Pierce Brosnan credited as playing...
Julian Noble
- Julian Noble: The margaritas always taste better in Mexico.
- Danny Wright: They certainly do.
- Julian Noble: Margaritas and cock.
- Julian Noble: [after flirting with some Mexican schoolgirls] I hate these Catholic countries. All blushy-blushy no sucky-fucky.
- [trying to convince Danny to help him on a hit]
- Julian Noble: Come on! It'll be a good time!
- Danny Wright: Oh, so now killing people is a good time?
- Julian Noble: ...Can be.
- Julian Noble: I need a break. There's no retirement home for assassins is there? Archery at four. Riflery at five.

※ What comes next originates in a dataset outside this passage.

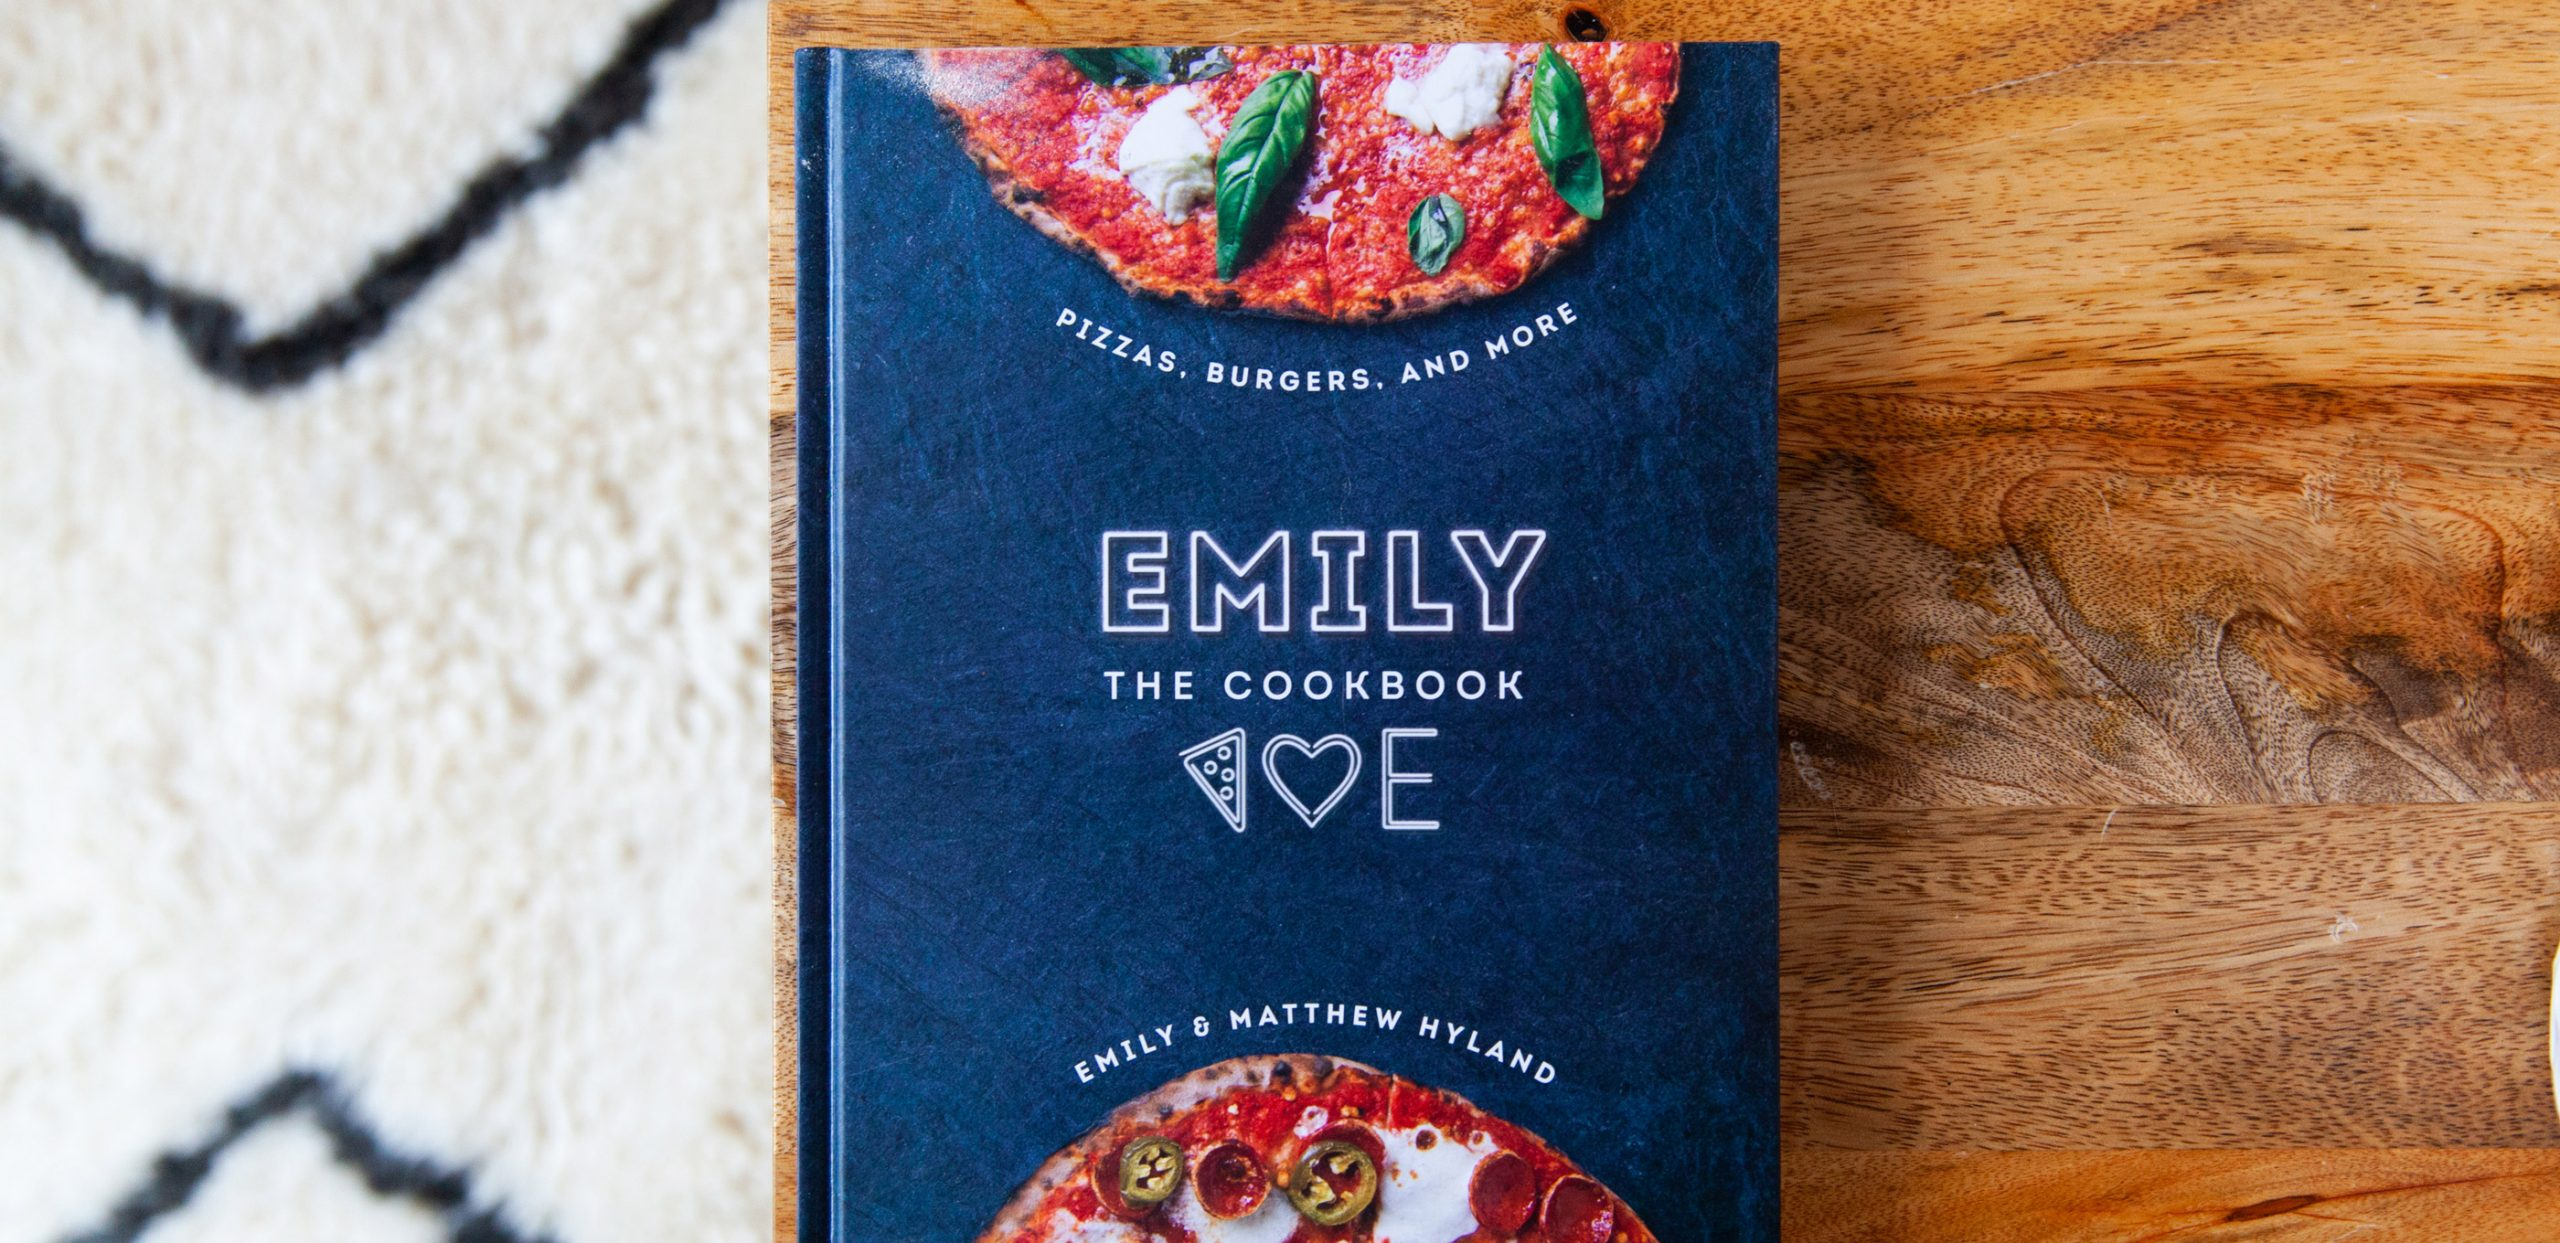 Emily, the Cookbook

- Julian Noble: Yeah, whatever, goodbye, scoodoodle!
- Ten Year Old Boy: See you, would'nt wanna be you.
- Julian Noble: Smell ya, shouldn't have to tell ya.
- Danny Wright: [discussing possible escape routes] That door over there, if it weren't locked.
- Julian Noble: A Vietnamese girl I once knew had her legs so locked together I couldn't get a whiff of her spring roll. Two drinks, half a quaalude later, I was at an all you can eat buffet. Every lock can be broken. It's just a matter of will and whether it's worth it.
- Mr. Randy: Did you study the assignment?
- Julian Noble: No, I shredded it. Then I humped the bellboy on the room service cart.
- Mr. Randy: Goddamn it, Julian, you leave the game, even for a while, I don't know if they'll gonna let you back in. And then what the hell are you gonna do? Waste your days picking up illiterate teenagers for suck-and-fuck sessions behind the Old Navy store?
- Julian Noble: Sounds delightful to me.
- Julian Noble: Now, escape routes.
- Danny Wright: Escape routes?
- Julian Noble: Well you don't want to get caught right?
- Danny Wright: Oh, right.
- Julian Noble: Don't get caught. It sucks.
- Genevive: Mr. Noble, how are you today?
- Julian Noble: More importantly, how are you...
- [looks at nametag]
- Julian Noble: ...Genevive?
- Julian Noble: An assassin without confidence is a horrible thing to behold. It's like a relief pitcher who fumbles the ball.
- Danny Wright: Please tell me you know you mixed two sports in a metaphor.
- Julian Noble: Huh? Yeah, I can't do that.